We need clarification in order to advise the best...
it sounded like from your post that you might be leaving the dogs out on property alone to guard - but I dont want to assume that.
If you wont be there all the time, yeah that wouldnt be the best scenario for a dobe- they are excellent homestead and family dogs, but they need their people- like most of the guard dog breeds, they were bred to work in conjunction with their owner and get into mischief without that guidance. Thats why the Livestock guardian breeds are so unusual- they guard without much human input but they do need a flock...
so pls clarify your situation alittle so we can give better advice....


----------



## simi-steading (Sep 27, 2012)

Good country farm dogs.. I had them high on my list of possible dogs... Had a friend that had them for years and years on his farm... Never had problems with them and his livestock, but the ***** and opossums didn't fare well.. Also did a great job at keeping strangers away....


----------



## DaniR1968 (May 24, 2008)

If you have had Doberman, then you know they do take some guidance, actually, a lot of guidance.  You also know they like to be with their people as much as possible.

Will you have farm animals? If so, you can't just throw them out there and expect them not to eat something.

I have a 9 month old Doberman right now. She has helped herself to a couple of chickens and harassed the goats some but is finally becoming a solid citizen, mostly because of my LGD. 

She hasn't eaten a chicken in a couple months (except the chicken I feed her that is already plucked and cut up) and is leaving the goats alone. She still barks at the horses if they get to running around but she also patrols the property and keeps predators out. 

We do need more information on what your intentions are before saying yay or nay though.


----------



## Guest (Jul 21, 2014)

Great dogs!

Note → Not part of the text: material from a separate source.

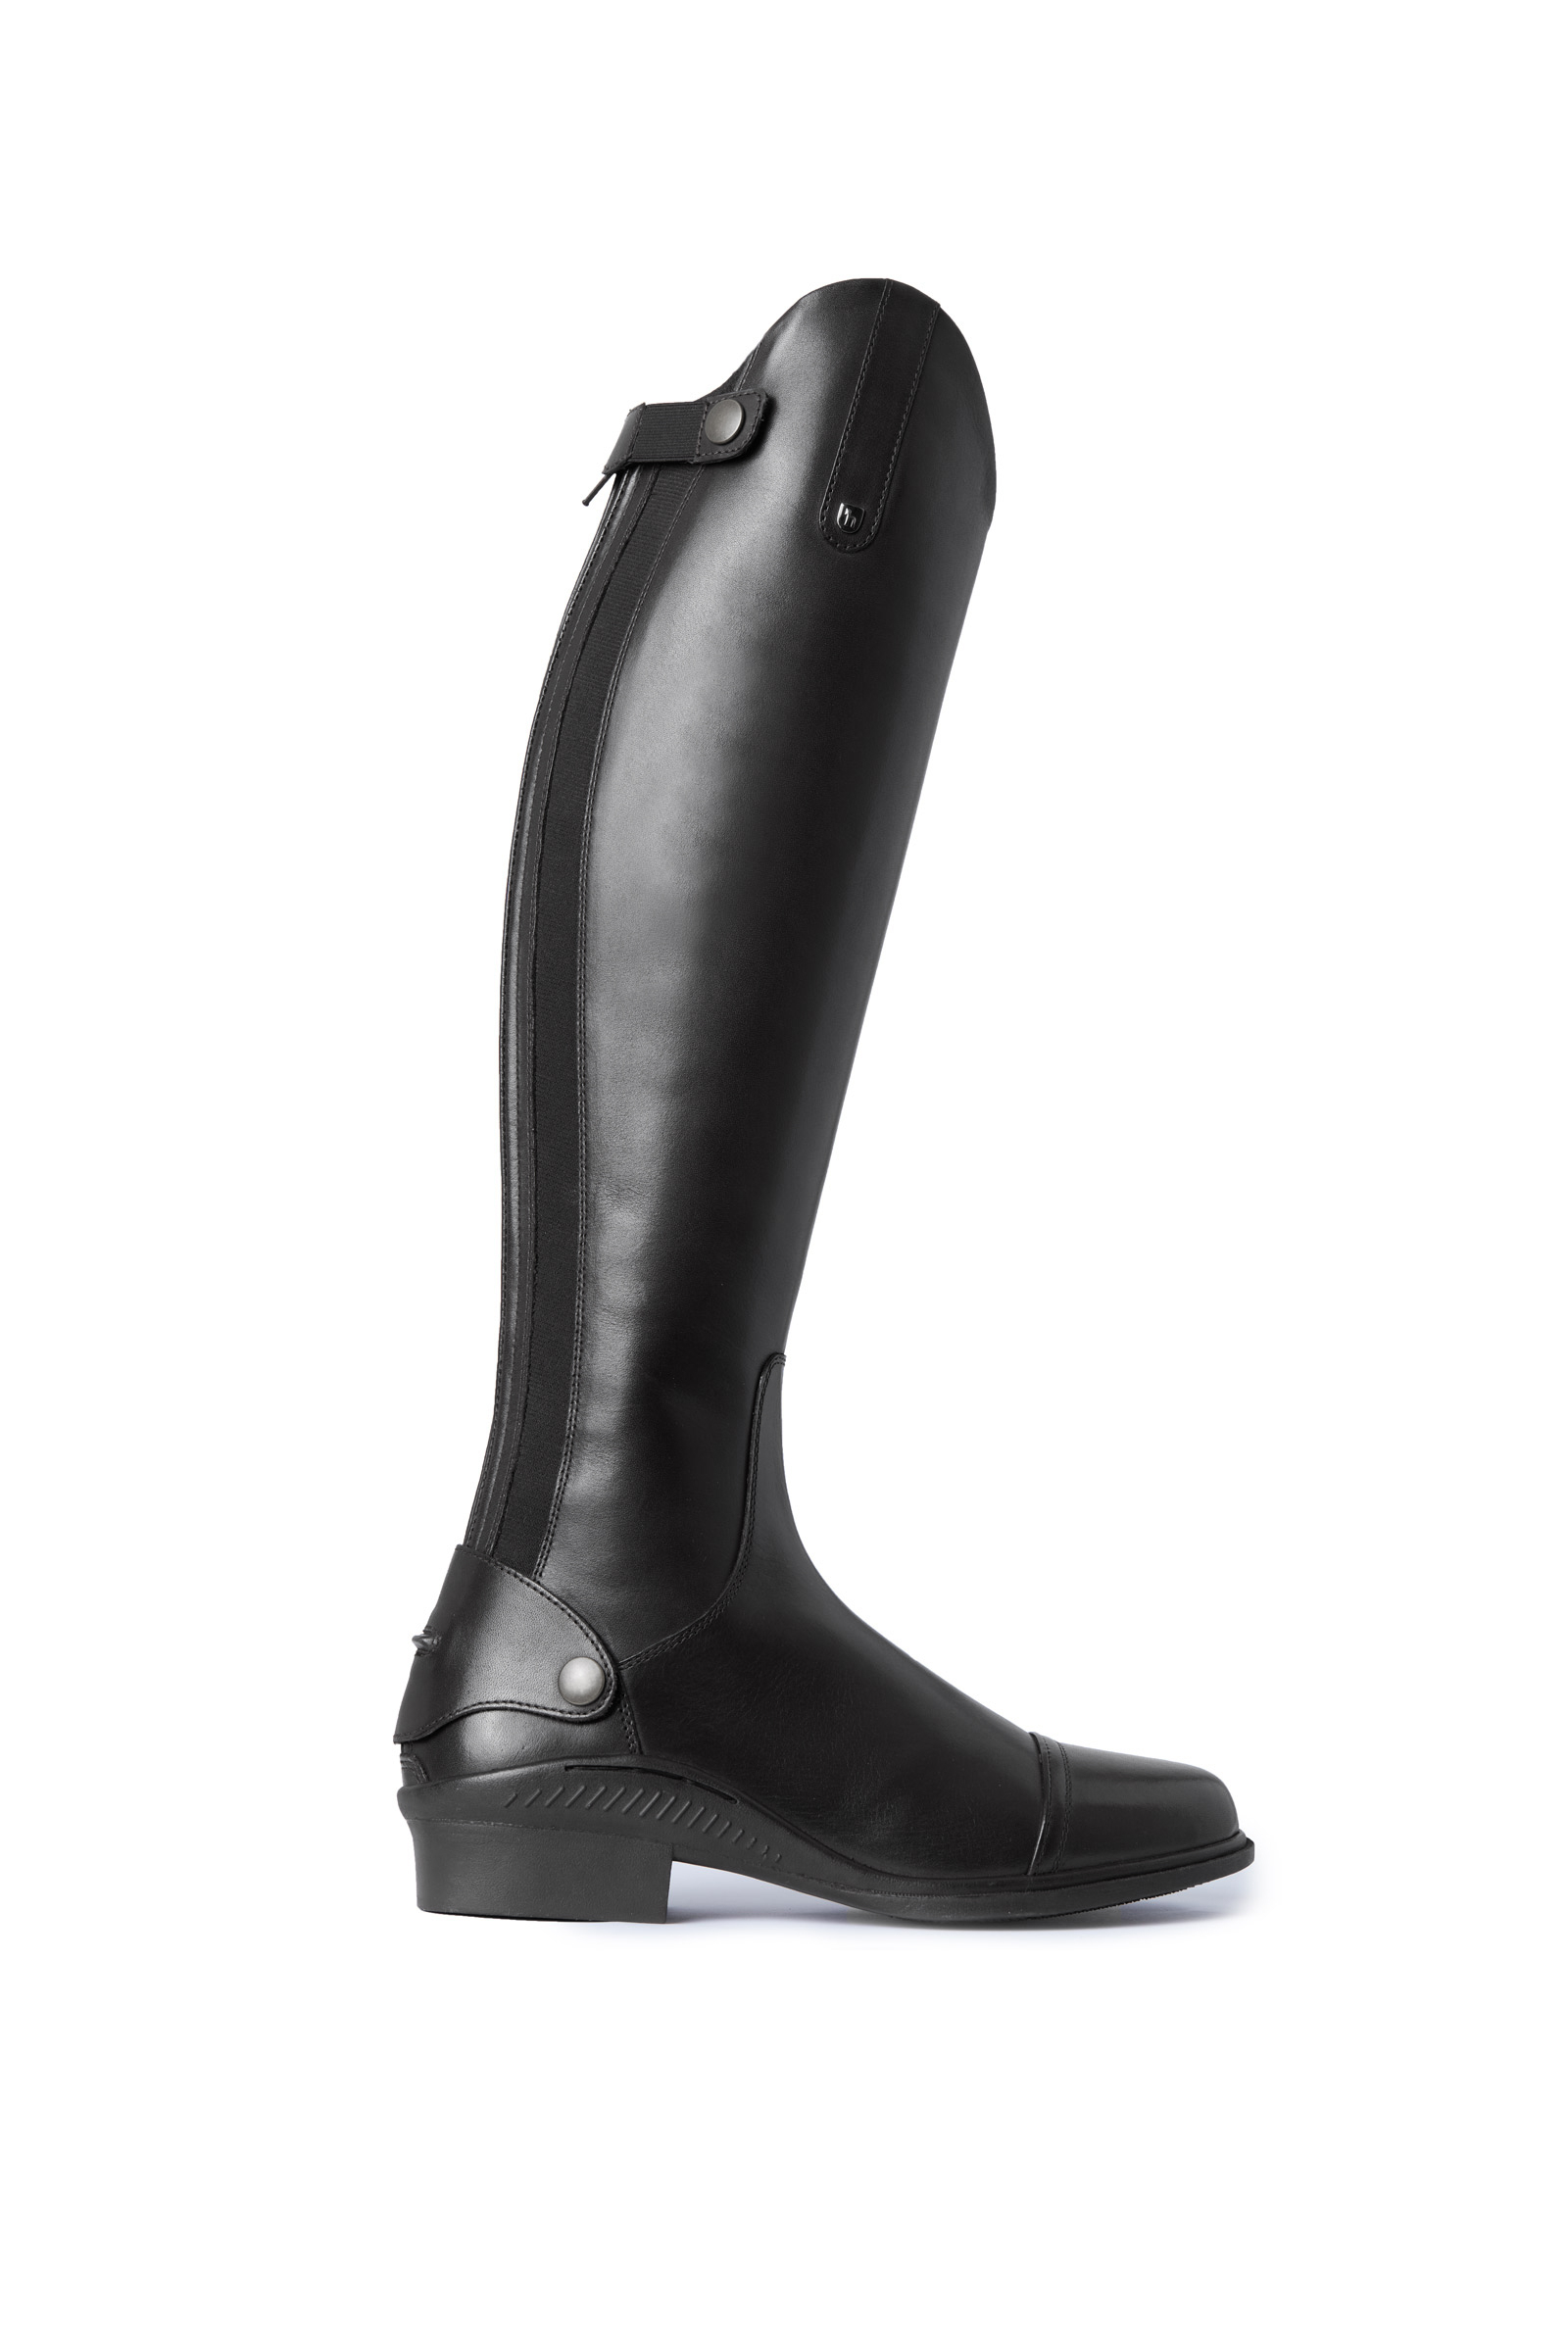 Buy Horze Genève Women's Leather Tall Boots

I do have one and have worked with many over the years.

High energy
high prey drive
will protect against people, not so much for other dogs if you are the alpha

Will chase my goats if left alone with them and I am not around. Not to kill them but chase, catch and hold. Not saying they won't, any dog might if given the chance. We have an LGD also that lives with our livestock.

Poultry are fun.

NEED human interaction. Mine is with me all day. 

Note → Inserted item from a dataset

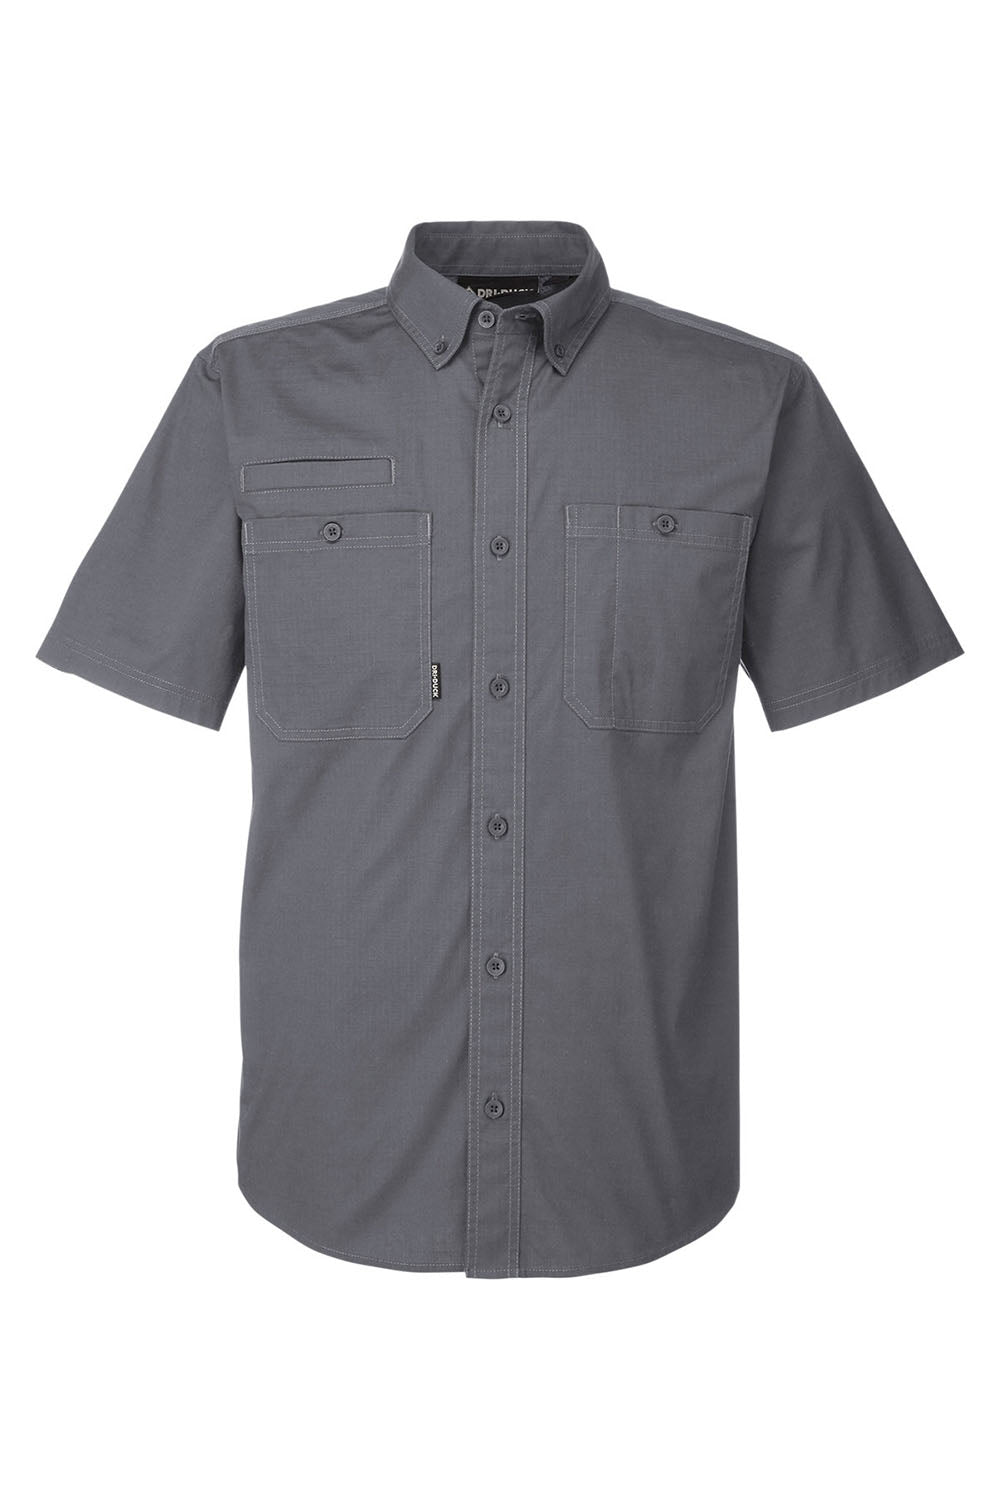 Dri Duck 4451DD Mens Craftsman Ripstop Short Sleeve Button Down Shirt w/ Double Pockets Gunmetal Grey Flat Front

As with any dog, don't let them run at large. They intimidate many if seen loose in someone's yard and who knows what someone may do to them. Keep them fenced on your property and they are great dogs in city or country.


----------



## ONG2 (Sep 22, 2010)

We have had Dobies for 30 some years. The previous posters have pretty much covered all the issues, *Well done folks!!*


----------



## tab (Aug 20, 2002)

I love my girl, but she is one of the most obstinate dogs I have ever known!


----------



## aoconnor1 (Jun 19, 2014)

I have had two of the most wonderful Dobes. My boy was as sweet and gentle as could be, with all of us humans as well as our ranch animals. My female and male were best friends. I always heard they should live in pairs, and I firmly believe that after watching my poor girl mourn when our male passed away. I will have Dobermans again, and when I do it will be a pair.

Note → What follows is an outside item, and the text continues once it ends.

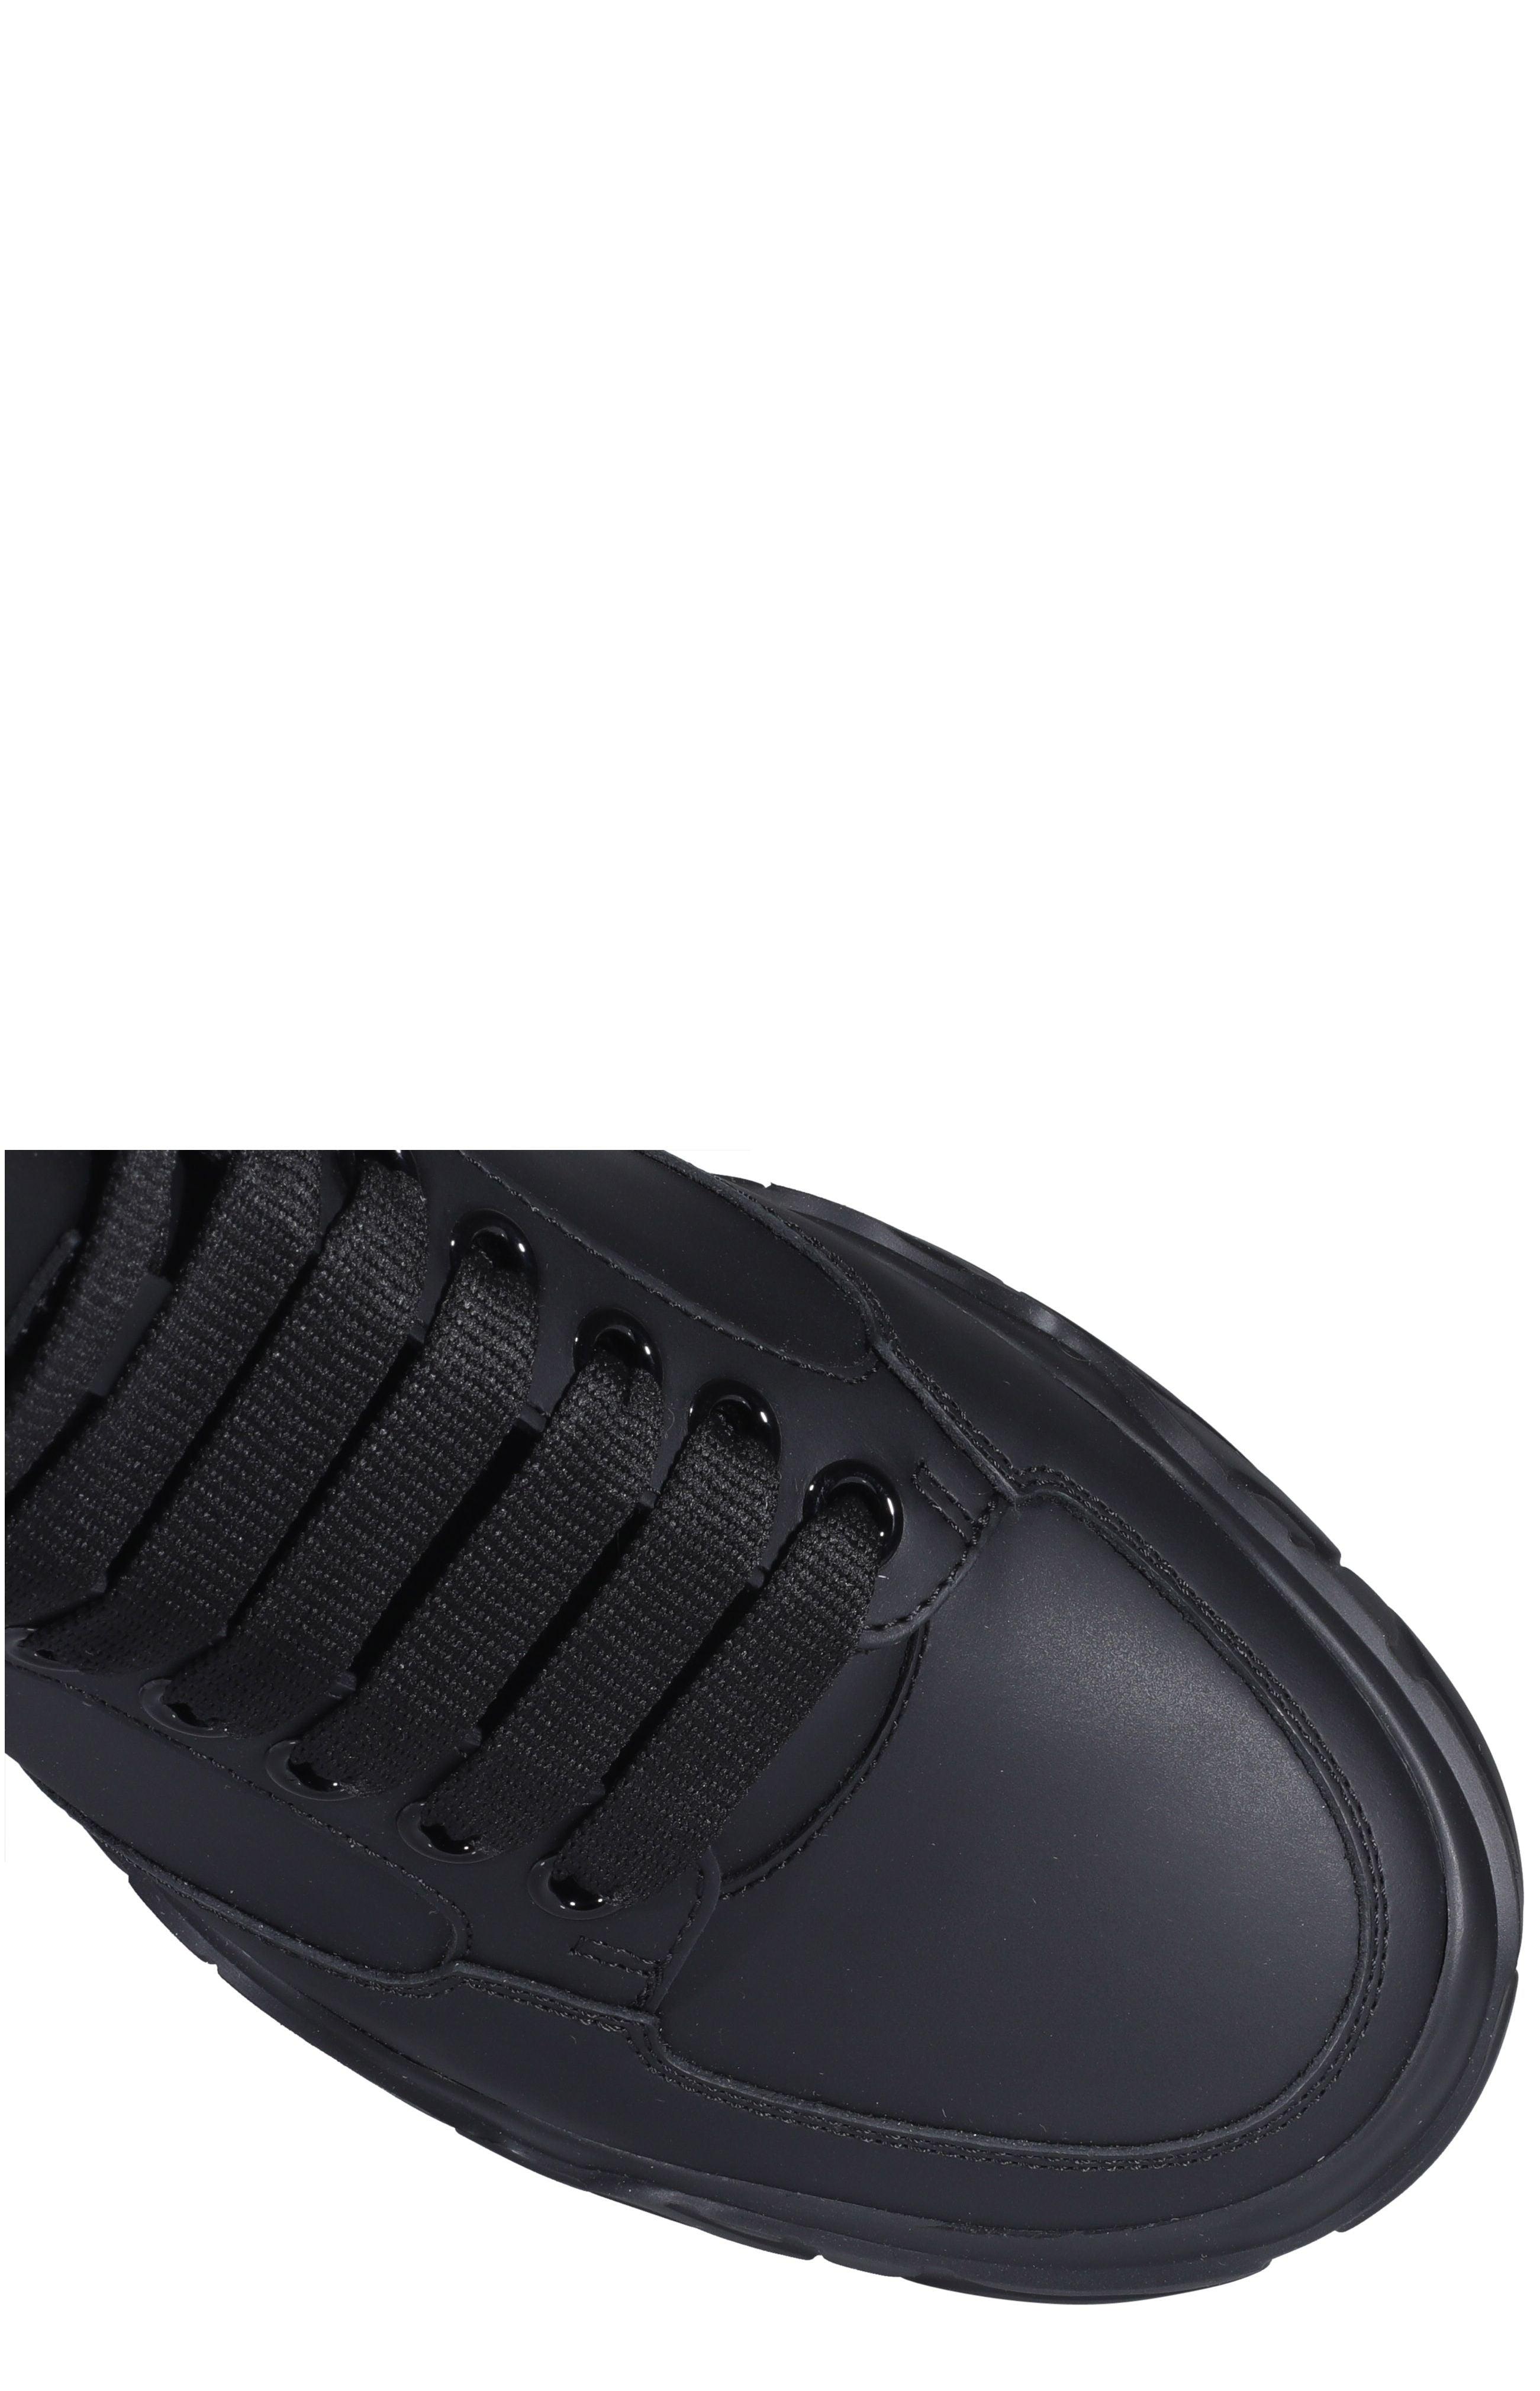 Alexander McQueen Leather Court High-top Sneakers in Black for Men - Lyst

I would not leave any dog out alone on any piece of property...they need to be administered to daily and someone has to make sure they are not stolen or injured. I have 2 good ranch dogs that are outside all day long, but we office here and there is always someone here to watch them. I bring them in at night with my other 3 dogs.. too many predators in my area.


----------



## LonghornGardens (May 23, 2012)

Mine is a good farm dog. Does not mess with the chickens or goats. She hates new people coming around though.


----------



## lonelyfarmgirl (Feb 6, 2005)

Dobermans are great but need guidance. Mine is a wonderful property protector, but he will chase animals that run. They were created to be one person dogs and they suffer without their chosen human. Well bred ones follow that instinct very well. Mine welcomes any stranger that behaves normally, but he senses fear, and God help you if you touch me in front of him.


----------